The appropriate standard for determining whether summary judgment is proper is whether there is a genuine issue of material fact for trial, and whether the moving party is entitled to judgment as a matter of law. Fed.R.Civ.Pro. 56. By necessity, a plaintiff must make out a prima facie case in order to avoid summary judgment. In the instant case, this means that the plaintiff must show that a genuine issue exists on whether the Board discriminated against the plaintiff because of his age. Establishing a prima facie case, however, does not always suffice for a plaintiff to survive a motion for summary judgment in an ADEA case. Pace v. Southern Railway System, 701 F.2d 1383, 1391 (11th Cir.1983) cert. denied --- U.S. ----, 104 S. Ct. 549, 78 L. Ed. 2d 724 (1983); Simmons v. McGuffey Nursing Home, Inc., 619 F.2d 369, 371 (5th Cir.1980).

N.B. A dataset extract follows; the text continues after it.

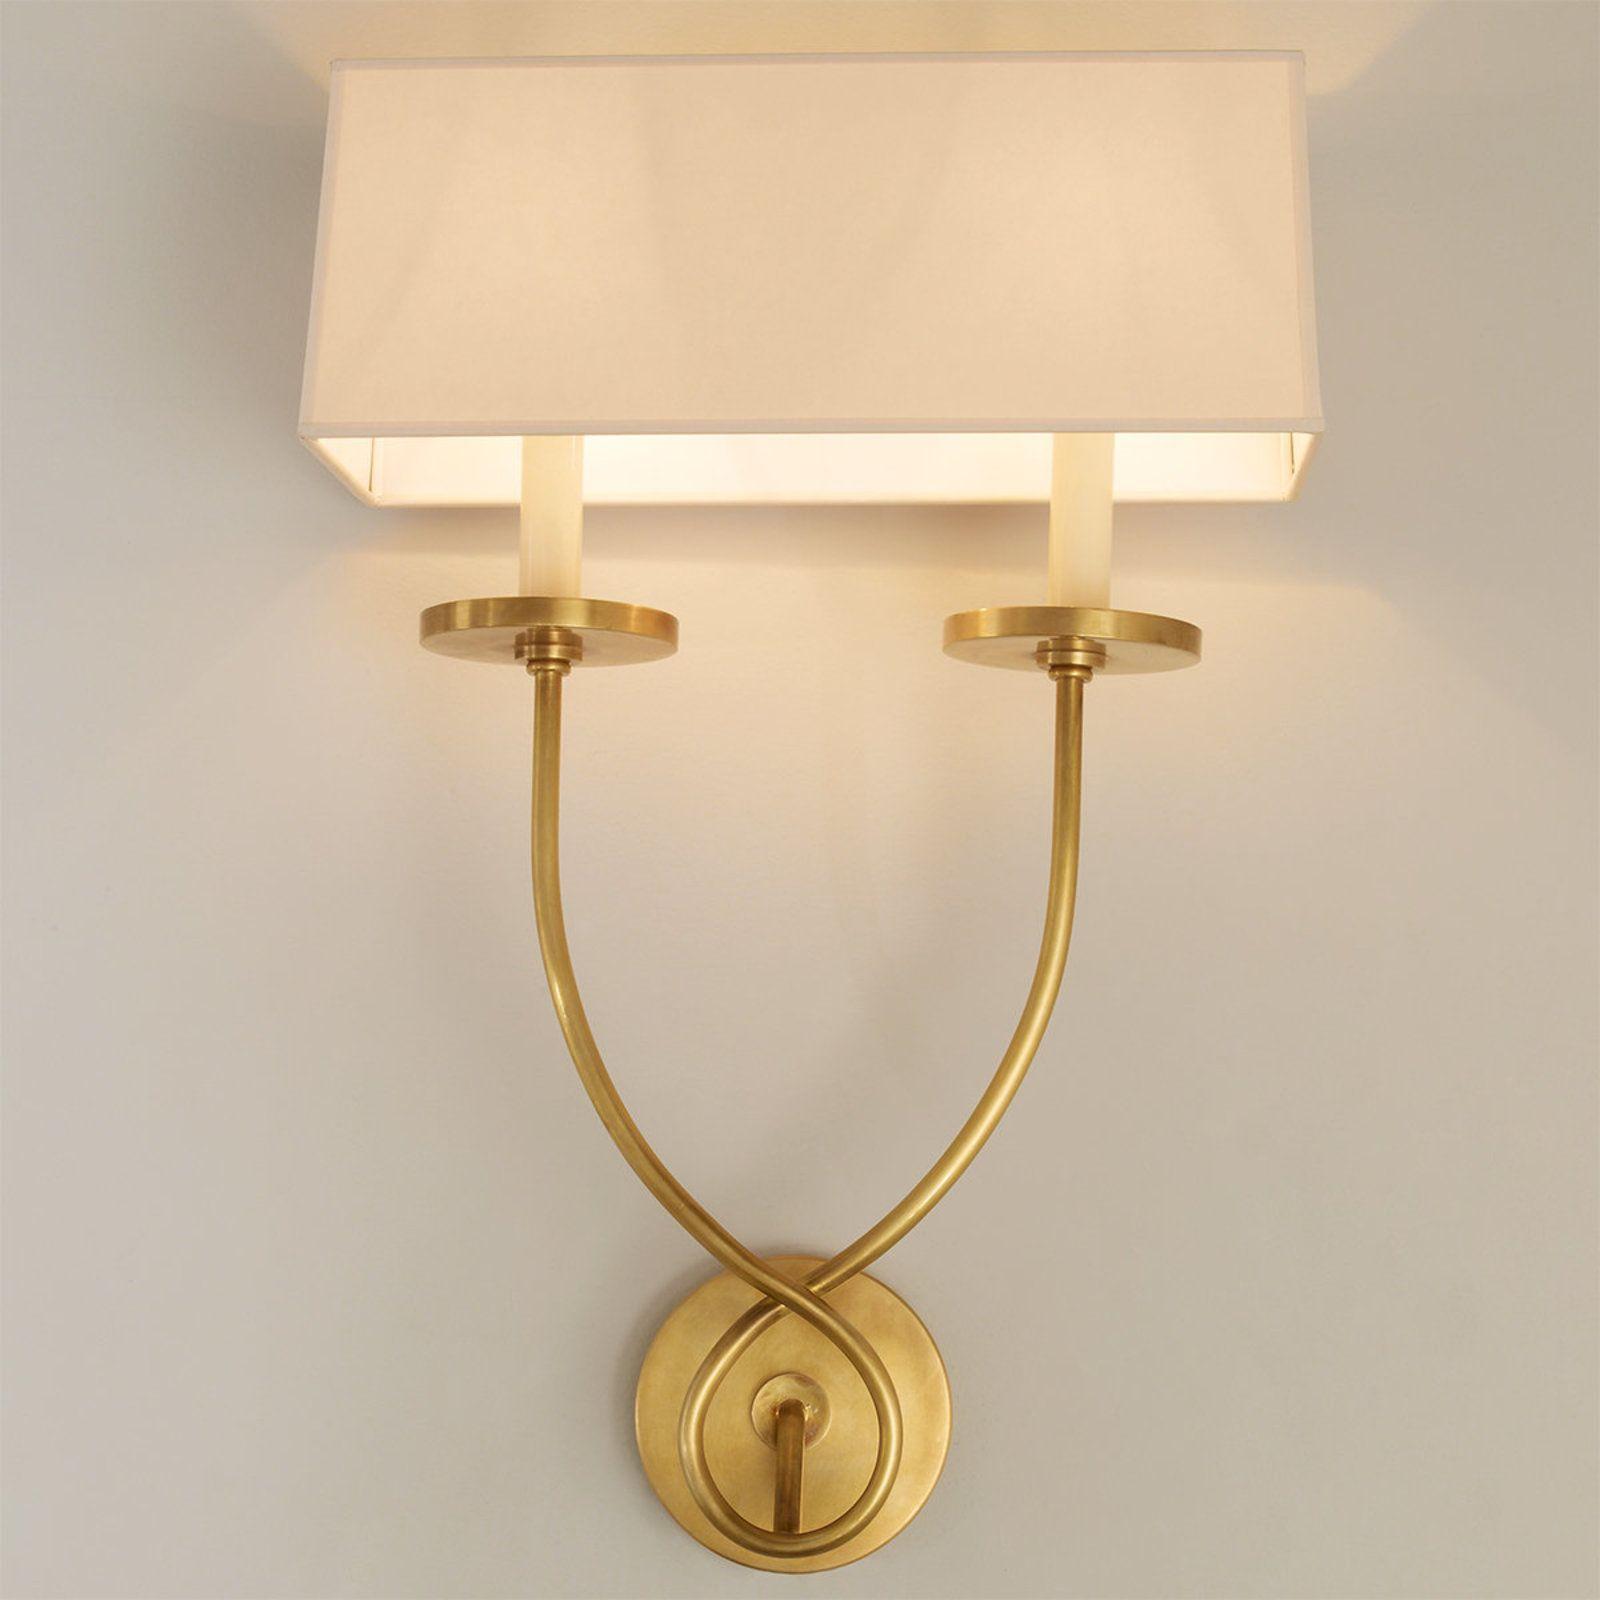 French Twist 2 Light Sconce Sconce Lighting Sconce Lighting Hallway Sconces

This court in Pace, supra, stated:
A plaintiff, when faced with a motion for summary judgment, cannot rely on attenuated possibilities that a jury would infer a discriminatory motive, but rather must come forward with sufficient evidence to establish a prima facie case and respond sufficiently to any rebuttal by the defendant to create a genuine issue of material fact. Even where a prima facie case has been established but the defendant has rebutted with a proffer of legitimate, nondiscriminatory reasons for the discharge, a genuine issue of material fact is not automatically presented.

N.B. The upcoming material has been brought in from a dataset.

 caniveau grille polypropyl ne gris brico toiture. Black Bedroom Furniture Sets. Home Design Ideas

701 F.2d at 1391. The only evidence offered by Palmer in opposition to the motion for summary judgment is that he is within the protected age group; that he is qualified for the position; that his contract was not renewed; and that the Board hired someone outside the protected age group. Palmer makes no argument that there is statistical proof of a pattern of age discrimination. He offers no other direct or circumstantial evidence of age discrimination. Palmer's own argument demonstrates that the Board's decision was based on its consideration of the affirmative action plan and possibly race, but not age. In his brief, Palmer states, "The undisputed facts before the court rendered inescapable the inference and ultimate conclusion that Palmer was terminated from his employment so that the College could hire a black employee." Indeed the ADEA claim appears to have been prompted solely because Palmer was in the protected age group and Spaulding was not. This court has rejected the argument that "as a matter of law a prima facie case is established if a plaintiff simply shows he is in the protected group, was adversely affected by an employment decision, was qualified and was replaced by one younger than himself." Pace, supra, 701 F.2d at 1390. "The possibility of a jury drawing a contrary inference sufficient to create a dispute as to a material fact does not reify to the point even of a thin vapor capable of being seen or realized by a reasonable jury." Pace, supra, 701 F.2d at 1391, citing Simmons v. McGuffey Nursing Home, Inc., 619 F.2d 369, 371 (5th Cir.1980). The trial court did not err in granting the Board's motion for directed verdict directed to the ADEA claim.
Title VII Claim
Palmer argues that the trial court erred in granting the Board's motion for summary judgment and denying his motion for summary judgment on this issue. He argues that he was the victim of "reverse discrimination."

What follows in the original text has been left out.